■ **EXERCISE DESCRIPTION**
The lines below, from the one holding "15% korting op" through the one holding "Brisket and Spinach", are to be restated word for word, with all images left out.

■ **EXERCISE MATERIAL**
=-=-=

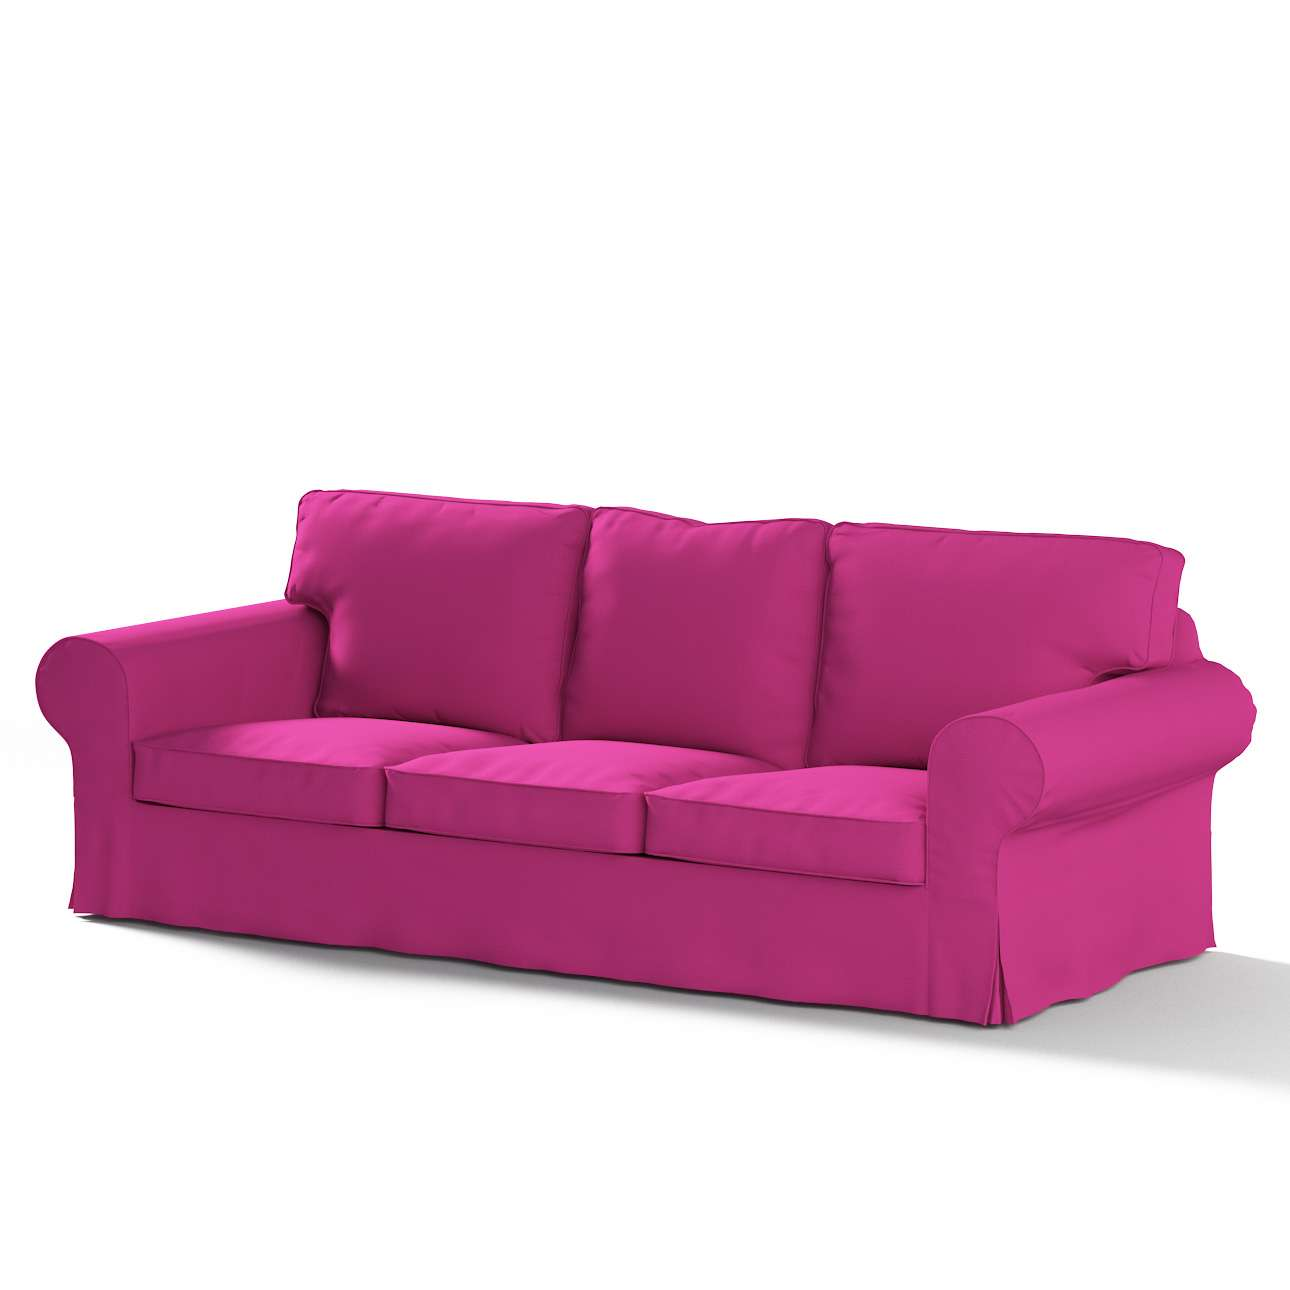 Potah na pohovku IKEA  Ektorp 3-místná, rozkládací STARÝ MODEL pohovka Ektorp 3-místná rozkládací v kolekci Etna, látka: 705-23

=-=-=

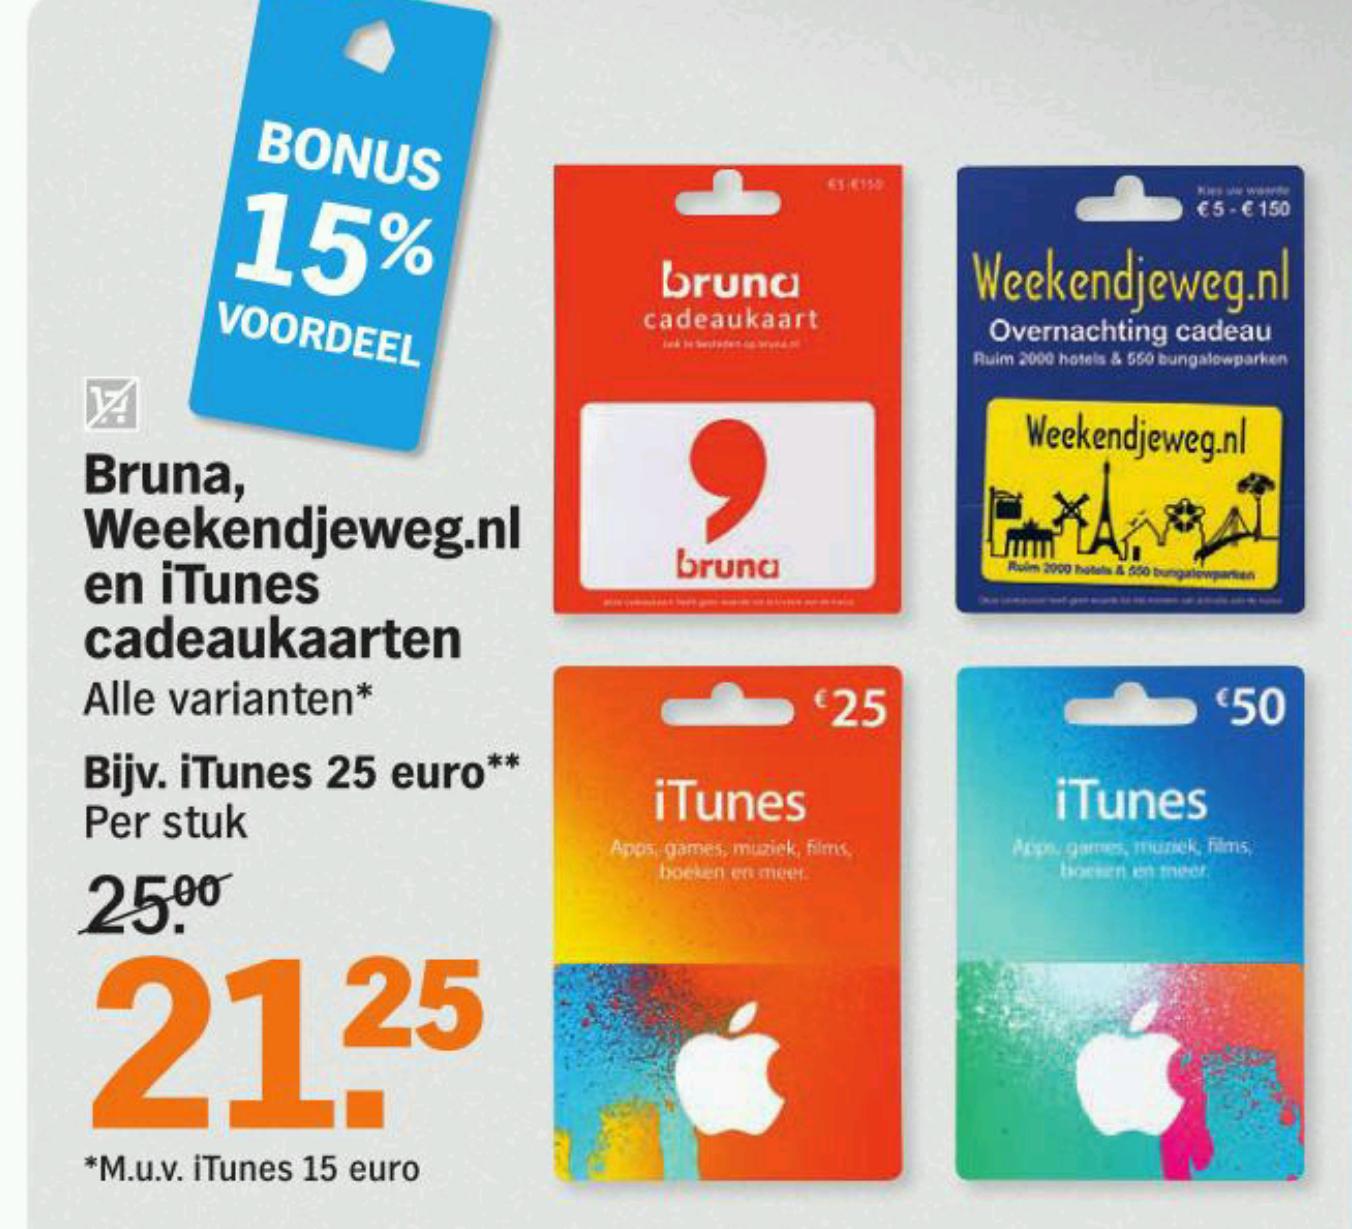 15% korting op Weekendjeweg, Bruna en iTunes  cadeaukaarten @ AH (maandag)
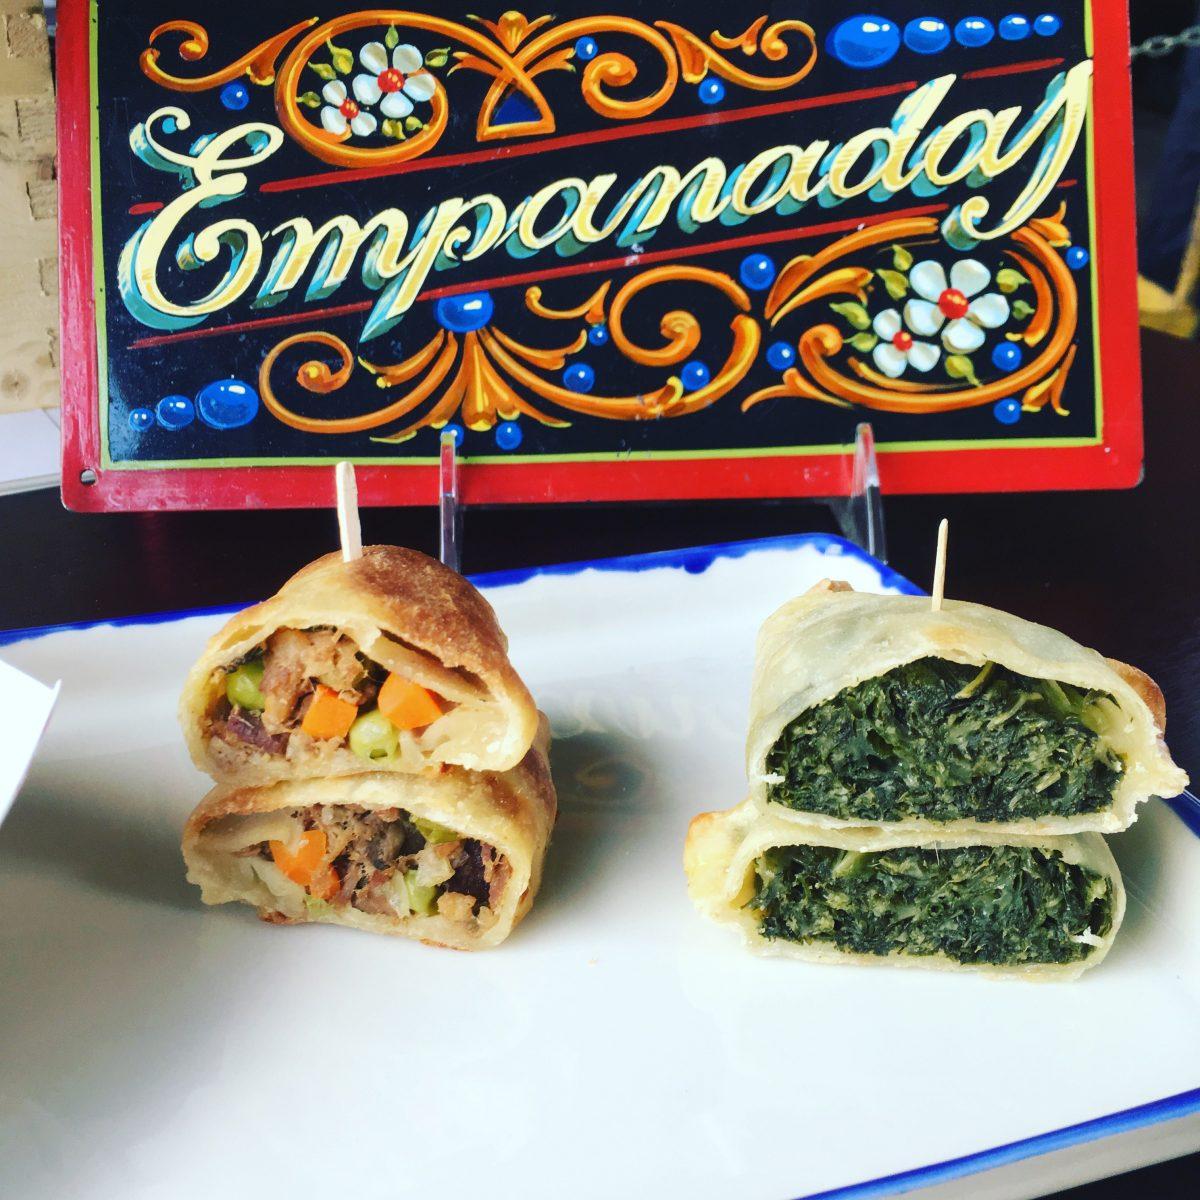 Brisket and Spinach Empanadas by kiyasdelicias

=-=-=

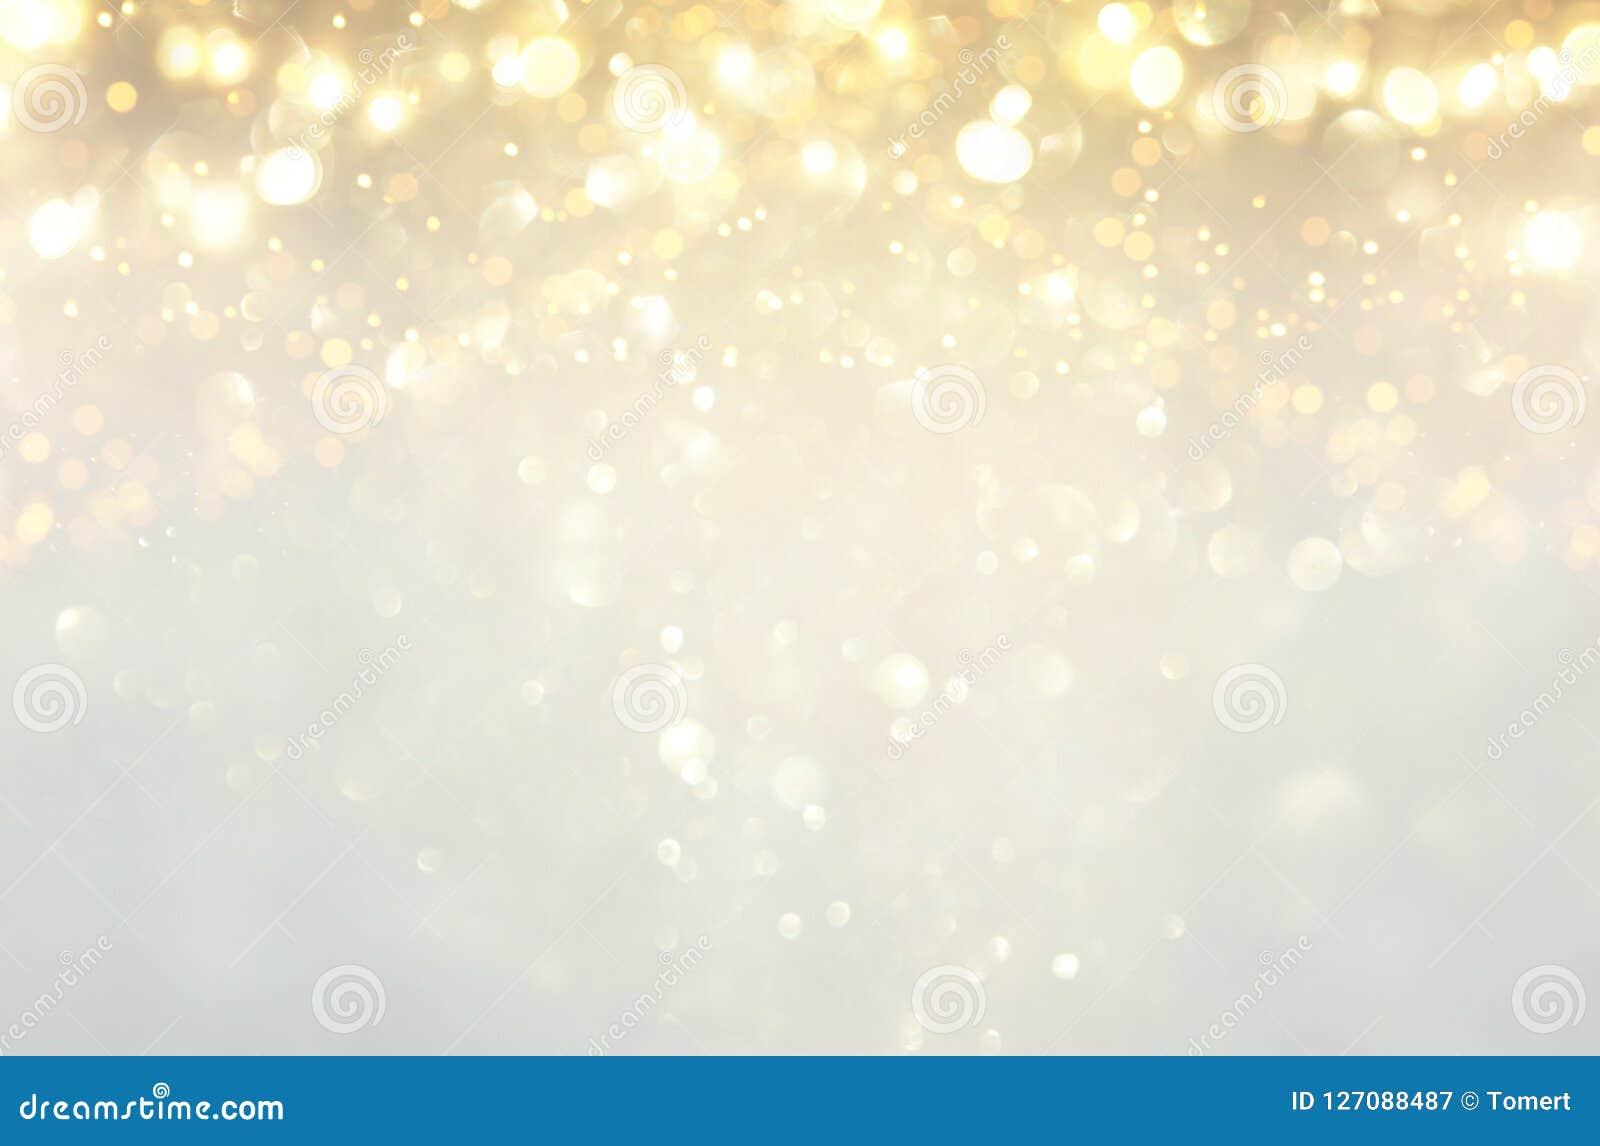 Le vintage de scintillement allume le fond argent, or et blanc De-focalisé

=-=-=

■ **RESPONSE**
 15% korting op Weekendjeweg, Bruna en iTunes  cadeaukaarten @ AH (maandag)
 Brisket and Spinach Empanadas by kiyasdelicias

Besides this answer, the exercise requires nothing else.